Patiently waiting in line.
“The truth was, we weren't going to serve a high-end dish, we wanted comfort food with a twist,” Telepan explained. Pastry chef Payard brought 3,000 macarons with him (a favorite of Japanese diners), sourced some “incredible peaches,” for a peach tart, and baked an equally awe-inducing chocolate roulade made with tofu. Another dish that Telepan liked was one made by Chef Craig Koketsu of The Hurricane Club, a fresh summer salad of tomatoes cucumbers and corn. Except for the macarons, the food was all from Japan, Telepan added; “Part of the deal is that we were there to let people know that Japanese ingredients are still good.” For local residents, still reeling from the loss of family, friends and property, the meal must have been a soothing balm to their psychic wounds.
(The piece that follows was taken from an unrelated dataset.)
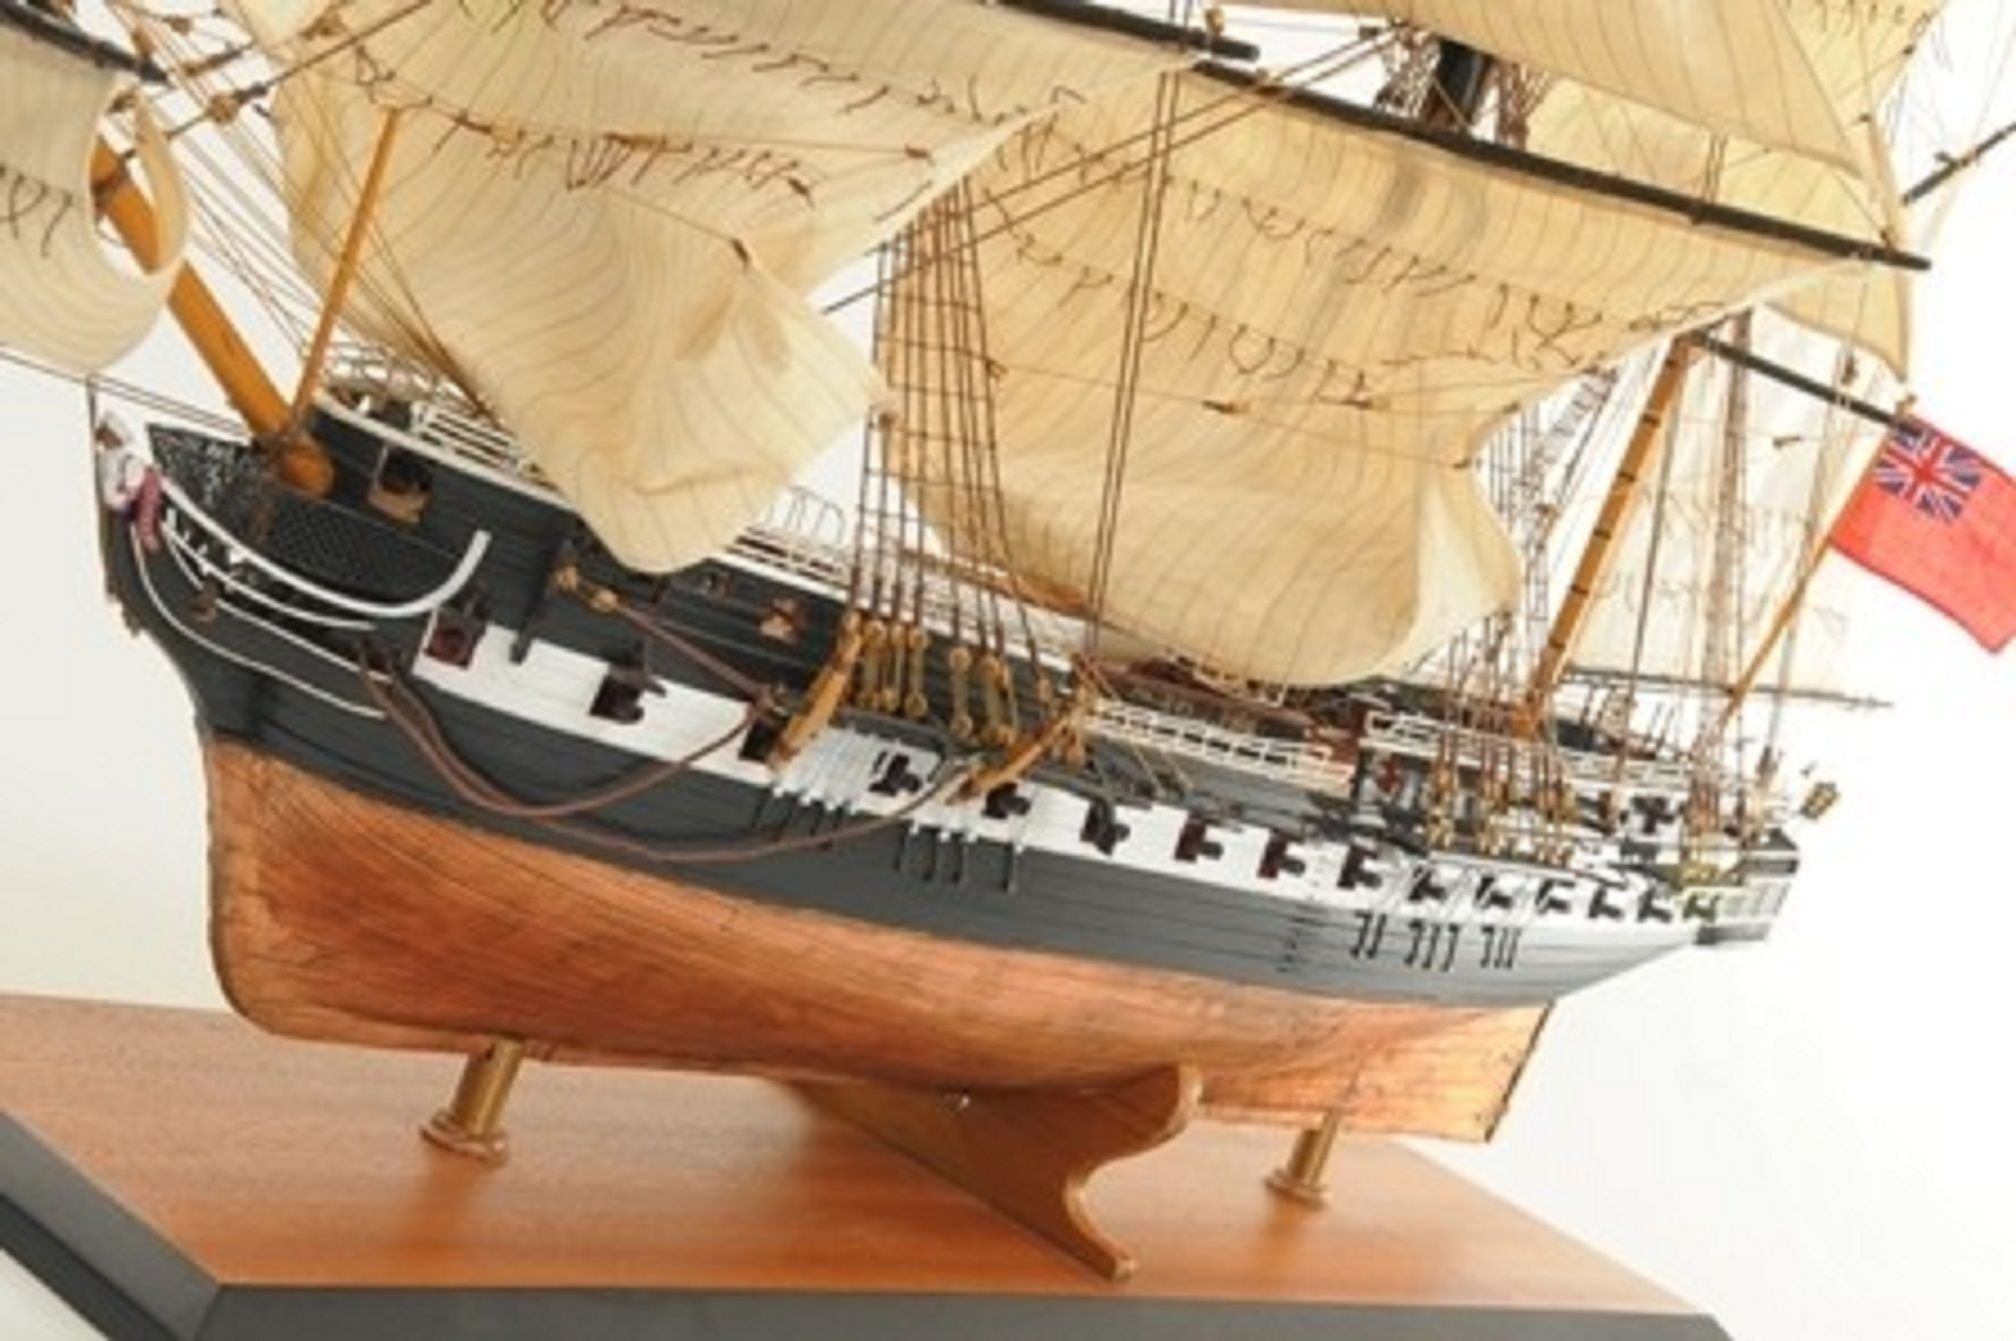 1059-7418-HMS-Trincomalee-Ship-Model-Premier-Range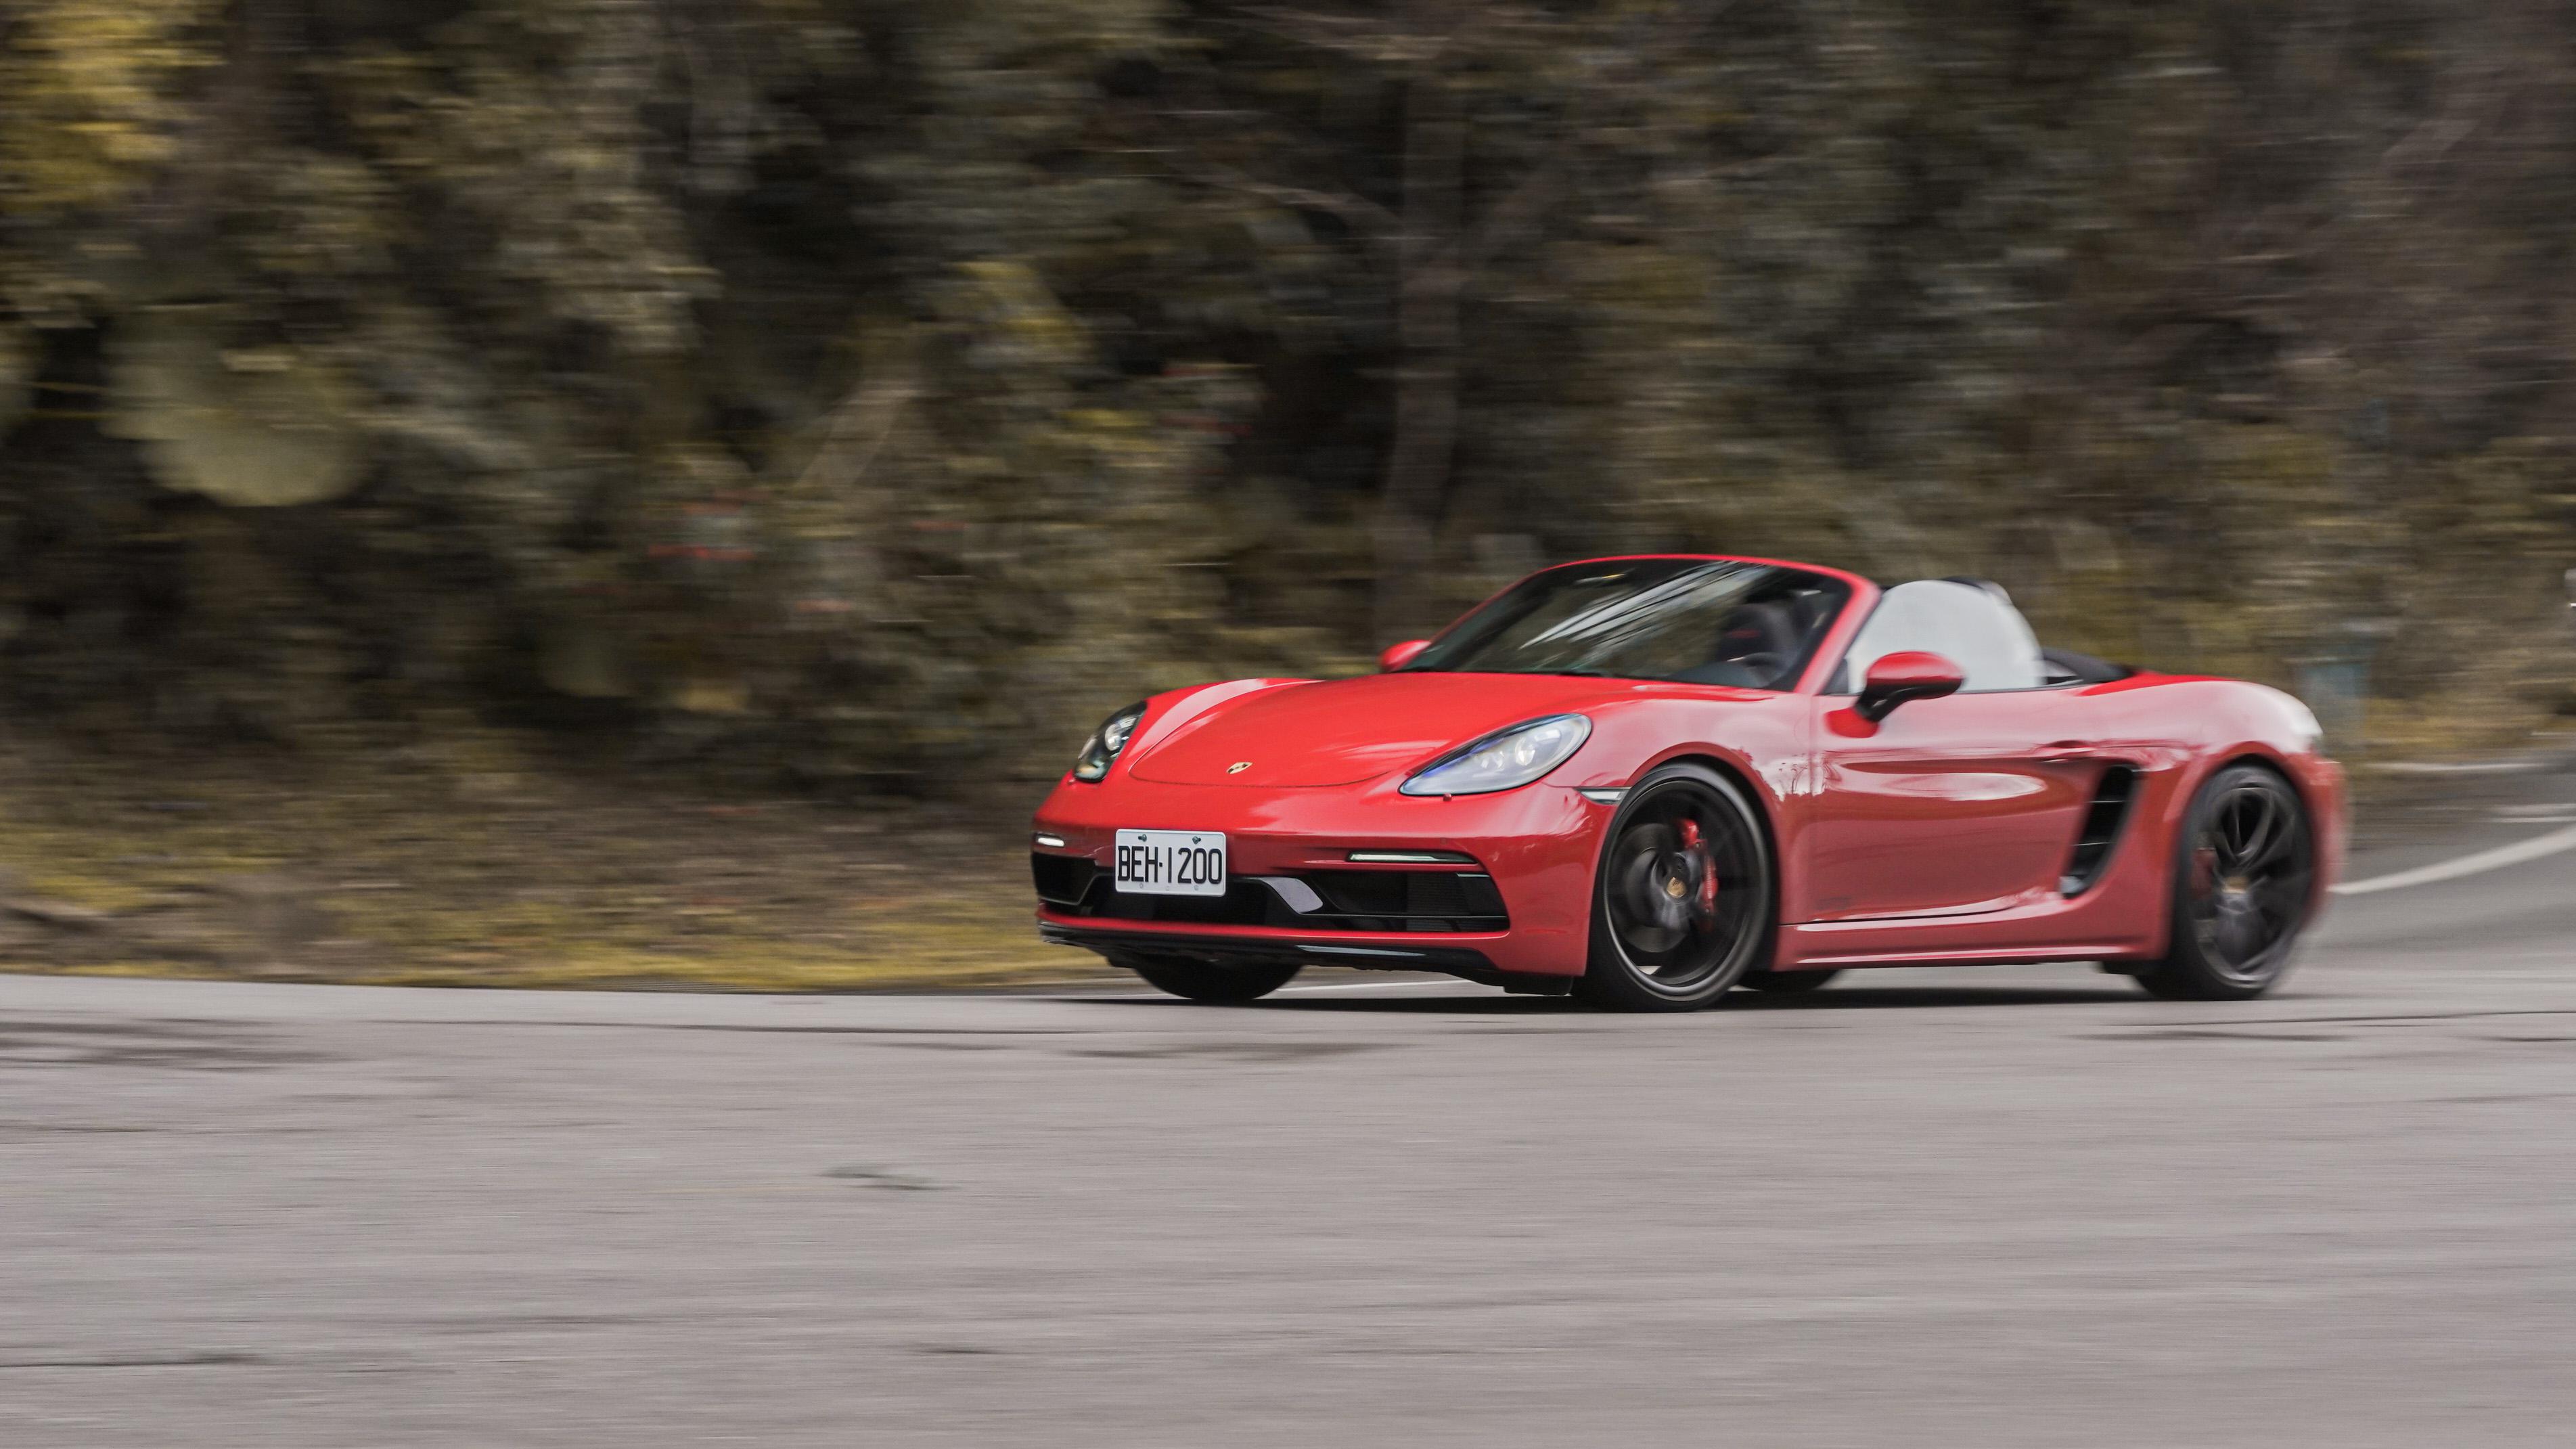 Porsche 718 Boxster GTS 不只拉風,還給你壯遊的感動

The t-shirt to prove it really happened.
Telepan was amazed by the Japanese guests’ famously rule-abiding natures. The community facility where the event was held was the size of a football field, he says, “where I was about midfield, and the line went around the track. It stayed that way for about half an hour, and at one point people thought there was not going to be enough food. So they told everyone they were only allowed one dish. It was insane,” (here he let out a bemused laugh) “because they listened, and nobody complained. I had a lot [of food] so I kept telling them, it’s okay, you can have whatever you want from me. But they were reluctant.”